All of this stands in stark contrast to last week’s U.S. approval of the East Coast’s first big offshore wind farm. The United States has already taken a number of steps to encourage clean energy production and this is an area where Canada is lagging behind. The Pembina Institute estimates that in 2010, the United States is set to outspend Canada nearly 18:1 per capita on renewables and more than 8:1 per capita overall on clean energy programs. A new report by Environmental Defence Canada shows that Canada is falling behind by approximately 66,000 new, green jobs because of this lag in clean energy investment. Yet, in the United States we also need to do much, much more. For both of our countries to be competitive in the future, we need a strong investment in clean energy that will bring millions of jobs (with 1.7 million jobs already committed in existing and proposed U.S. legislation) for carpenters, electricians, steelworkers, machinists, wind turbine technicians and electric car manufacturers. Instead, over the next 15 years, an anticipated US$379 billion will be invested by energy companies in Alberta’s tar sands – money that a recent WWF-UK report shows would benefit us more if put into clean energy instead.

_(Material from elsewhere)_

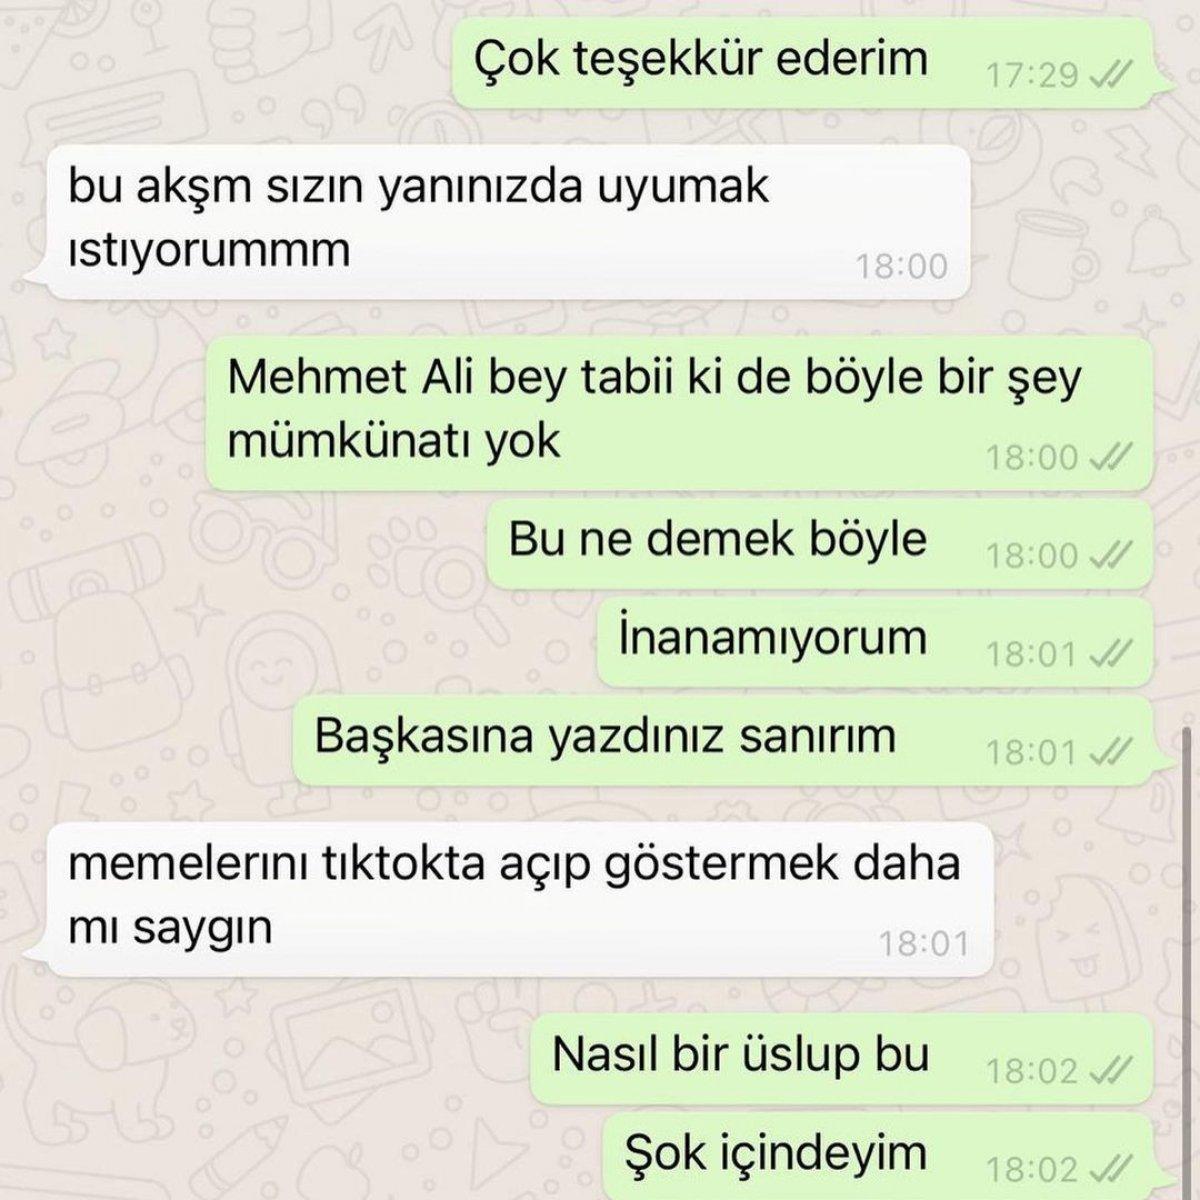 Ece Ronay, Mehmet Ali Erbil tarafından taciz edildiğini açıkladı #2

Since the political stalemate occurred over the Senate climate bill – ironically, the very weekend I was helping with the Earth Day climate rally on the National Mall – the number of voices calling for new climate legislation has been increasing daily. In the past week, business executives, labor unions, religious groups, and environmental organizations have said loud and clear that they want our lawmakers to pass a clean energy and climate bill now.

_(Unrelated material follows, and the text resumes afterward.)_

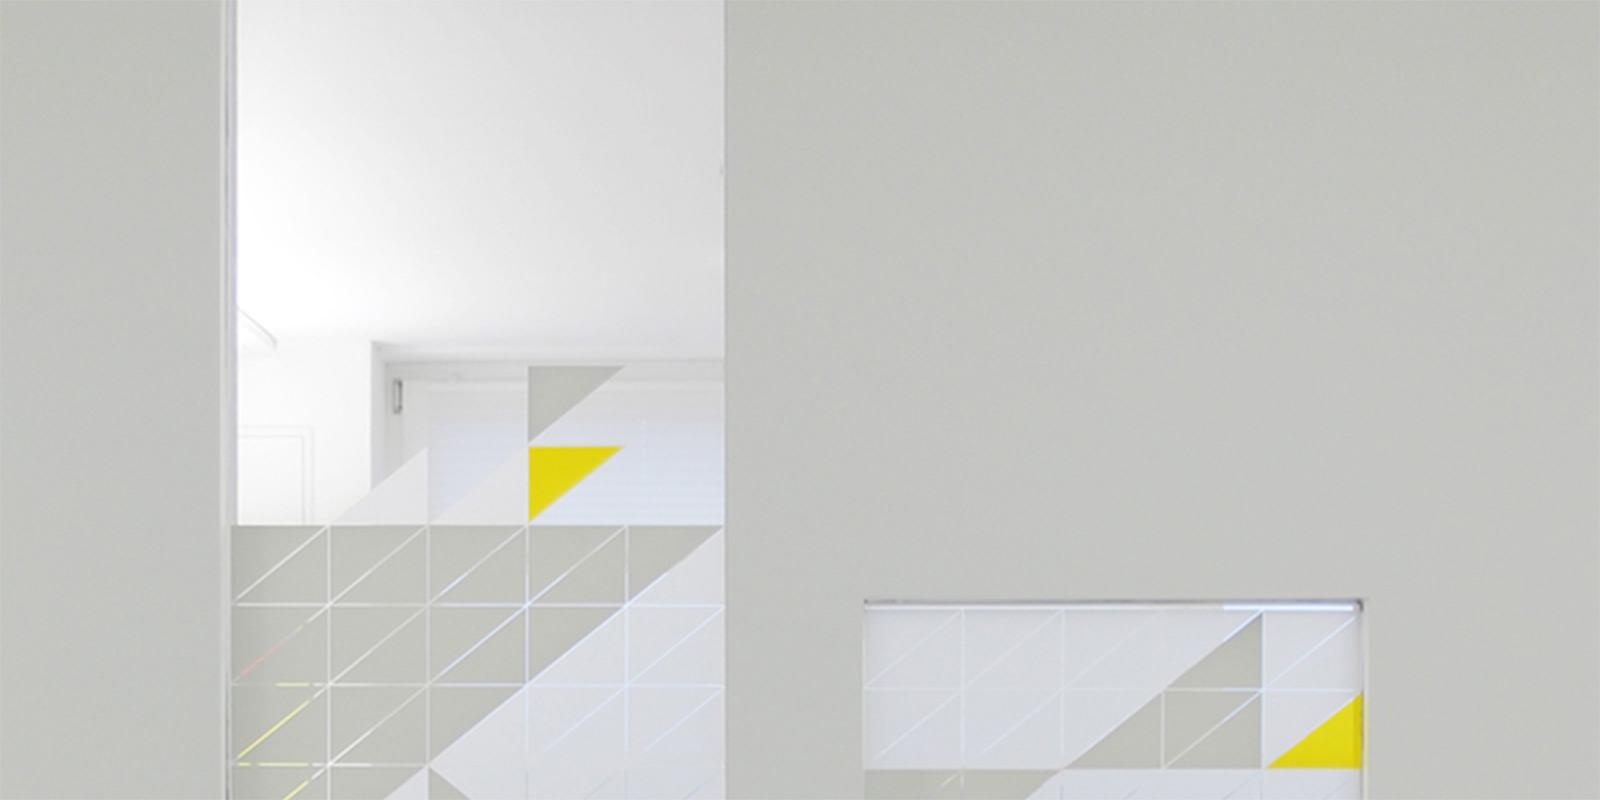 altengmbh-objekteinrichtung_3

We can’t sit by and watch our future be held hostage to political maneuvering. Climate should not be a partisan issue and our future should not depend on oil companies’ love of their profits. Curbing climate change is about creating jobs at home, protecting the health of our children, saying no to fossil fuels, and trusting in our ability to move quickly to a clean energy economy.
The question is: Will our two countries acknowledge that fossil fuels are not the right choice and instead give us a real choice for a healthy and prosperous future.